By way of background, ESA § 7(a)(2)2
requires federal action agencies to consult with either or both
of the National Marine Fisheries Service and U.S. Fish and Wildlife
Service (USFWS)3
in order to “insure that any action authorized, funded,
or carried out by such agency . . . is not likely to jeopardize
the continued existence of any endangered species or threatened
species.” Previously, this has been broadly construed
to extend consultation requirements upon virtually any federal
action that could affect listed species, including EPA action
under the CWA.
CWA § 402 established a National Pollution Discharge Elimination
System (NPDES) permit program initially administered by EPA.
However, in § 402(b)4
Congress provided a means by which the states may apply to EPA
for delegation of the NPDES program if nine criteria are met.
The criteria relate to the state having adopted the regulatory
infrastructure needed to implement the program. If the criteria
are met, then § 402(b) provides that EPA “shall approve
each submitted program” for transfer to the state.
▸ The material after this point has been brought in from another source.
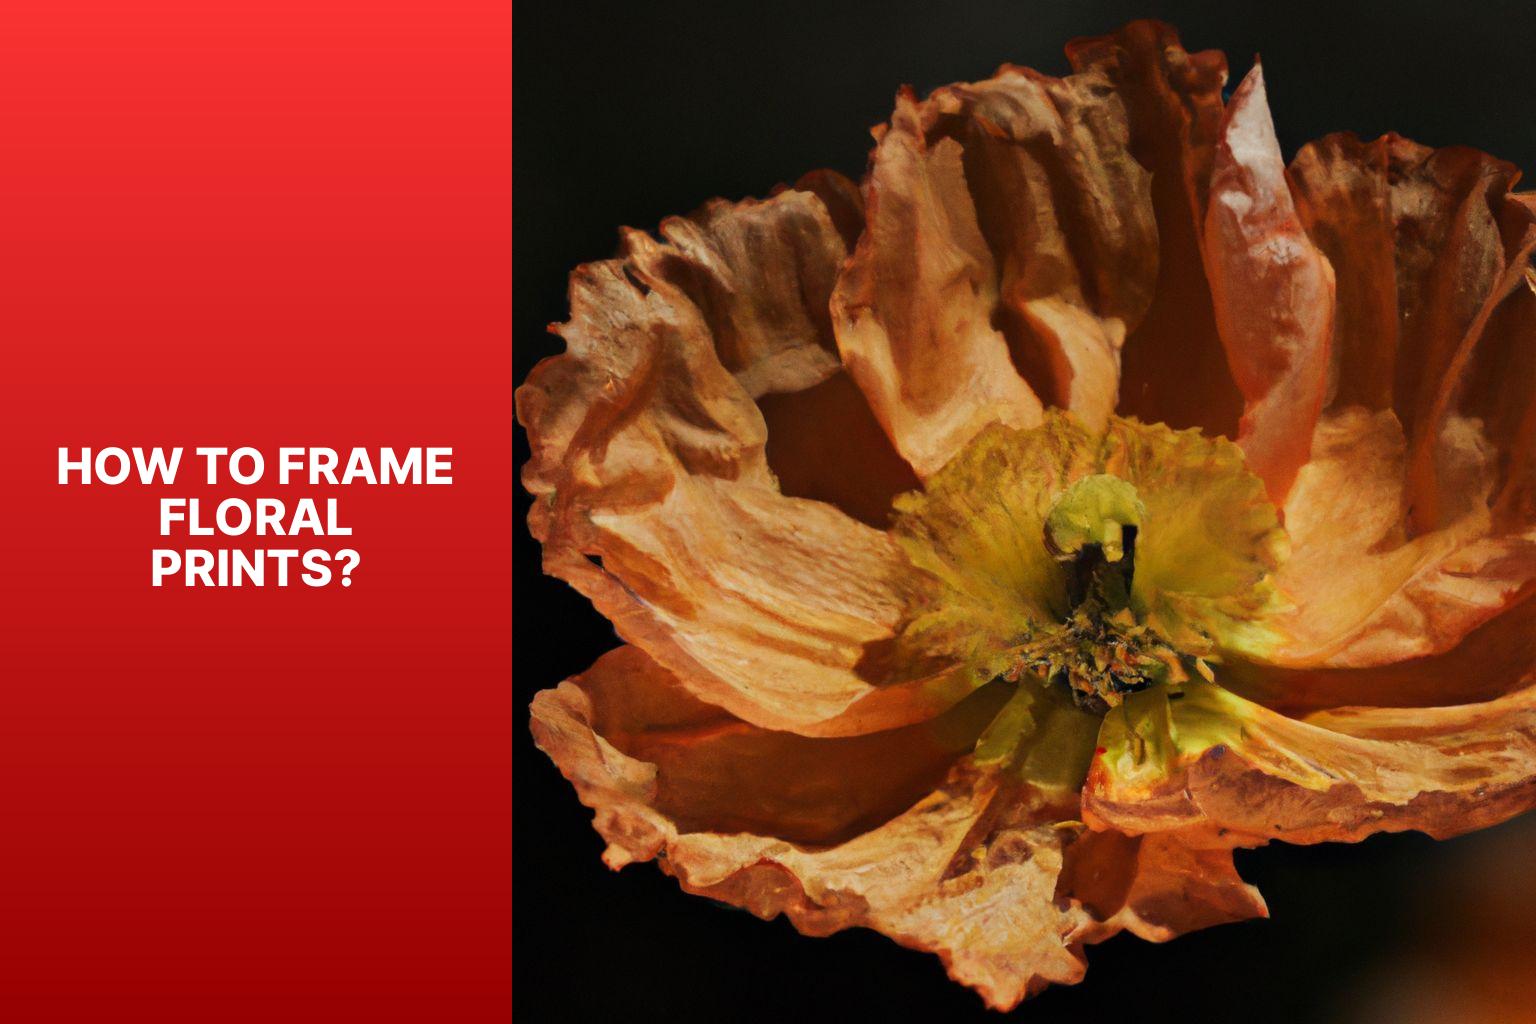 How to Frame Floral Prints? - Floral prints framed 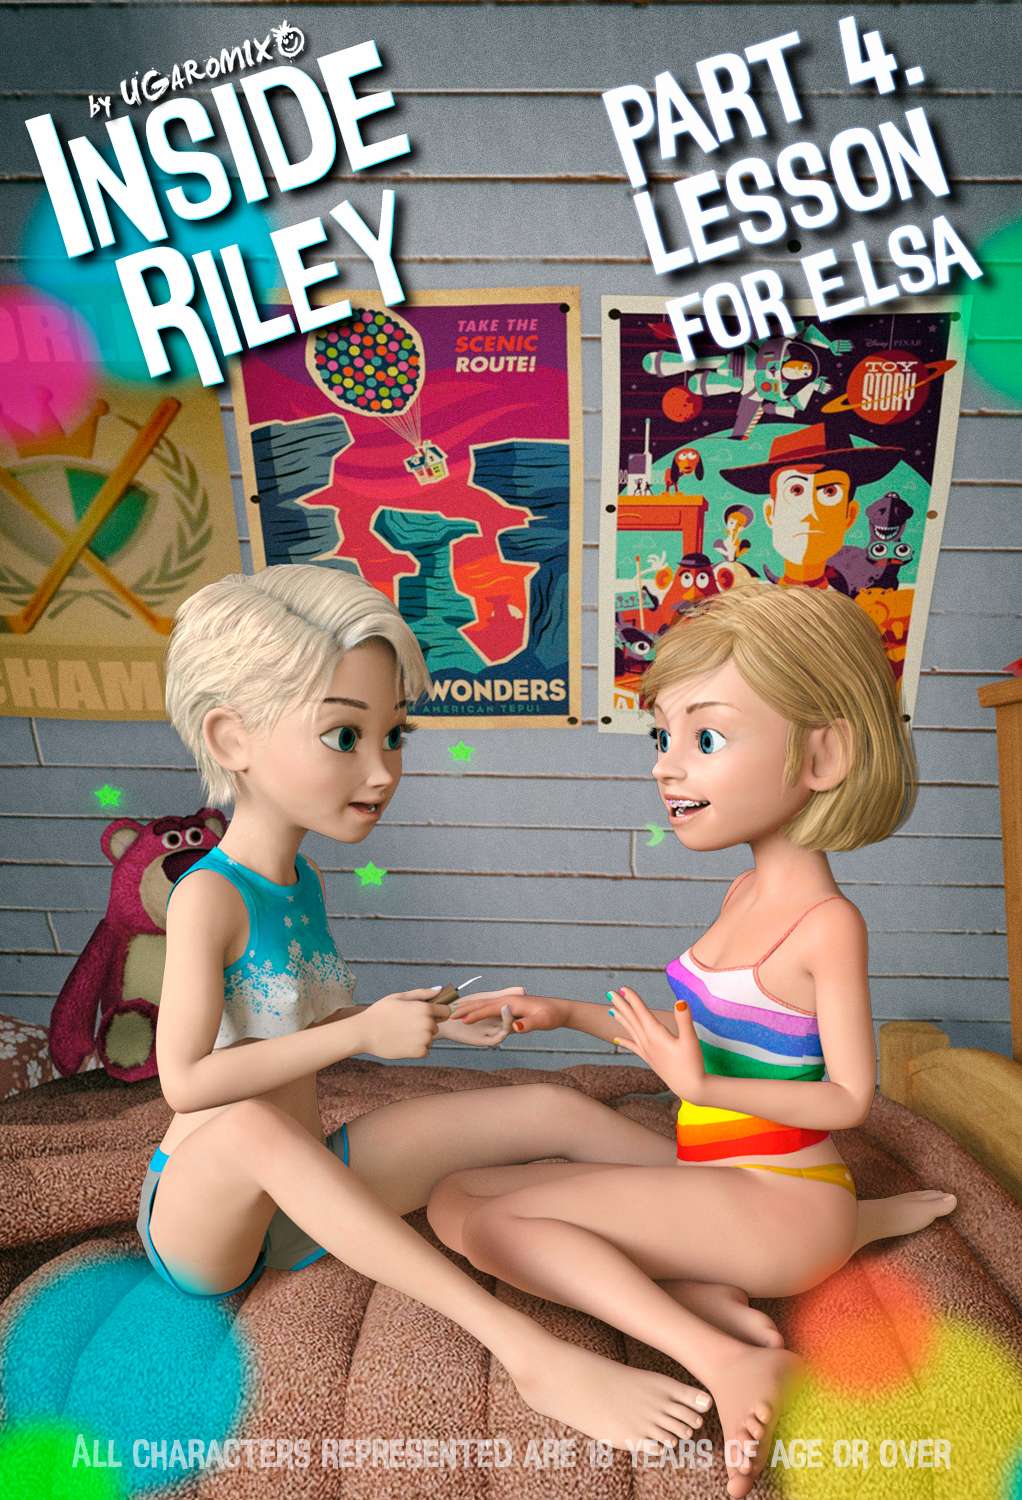 Inside Riley Ep4 - Lesson For Elsa

For previous delegations to states, EPA had consulted with
the fish and wildlife services under ESA § 7. Indeed, when
Arizona applied for delegation in the present case, EPA initiated
consultation with the USFWS. The USFWS saw no direct impact
on listed species from the delegation, but was concerned about
indirect effects due to increased issuance of discharge permits
by the state, and urged EPA to take that into account. EPA disagreed,
partly on the basis that CWA § 402(b) provided no authority
to consider more than the specified nine criteria. The matter
was referred to the national offices of the two agencies for
resolution, and USFWS issued a biological opinion that concluded
no jeopardy would result to listed species. In the ensuing litigation,
EPA asserted it had no duty at all to consult under ESA §
7.
The Supreme Court agreed with EPA that the nine criteria in
CWA § 402(b) are mandatory and EPA lacked discretion to
add what Justice Samuel Alito, writing for the Court, deemed
a “tenth criterion.” That is, though ESA might require
consultation in most cases, in the matter of delegation of NPDES
program authority, ESA’s mandatory provisions run head
on into those of the CWA. Imposing ESA § 7 consultation
on top of CWA § 402(b) criteria would constitute a repeal
or amendment of the CWA by implication, which courts disfavor.
To solve this problem, the Court turned to a regulation adopted
by the USFWS that interprets ESA § 7(a)(2) to apply only
to agency actions “in which there is discretionary Federal
involvement and control.”5
The Court concluded, “This interpretation harmonizes the
statutes by giving effect to the ESA’s no-jeopardy mandate
whenever an agency has discretion to do so, but not when the
agency is forbidden from considering such extra statutory factors.”
Slip Op. at 18. This interpretation is entitled to Chevron6
deference due to the “fundamental ambiguity”
caused by the competing mandates in the ESA and CWA that cannot
be resolved by the statute alone.
In reaching this conclusion, the Court distinguished its earlier
holding in TVA v. Hill, 437 U.S. 153 (1978). In that
case, the Court held that ESA § 7 allowed of no exemptions
and reflected congressional intent to give endangered species
primacy over the primary missions of other federal agencies.
However, Justice Alito noted that TVA was decided before
the USFWS regulation exempting non-discretionary acts was adopted,
and that the facts in TVA were that the federal agency
had some discretion to put the dam into operation.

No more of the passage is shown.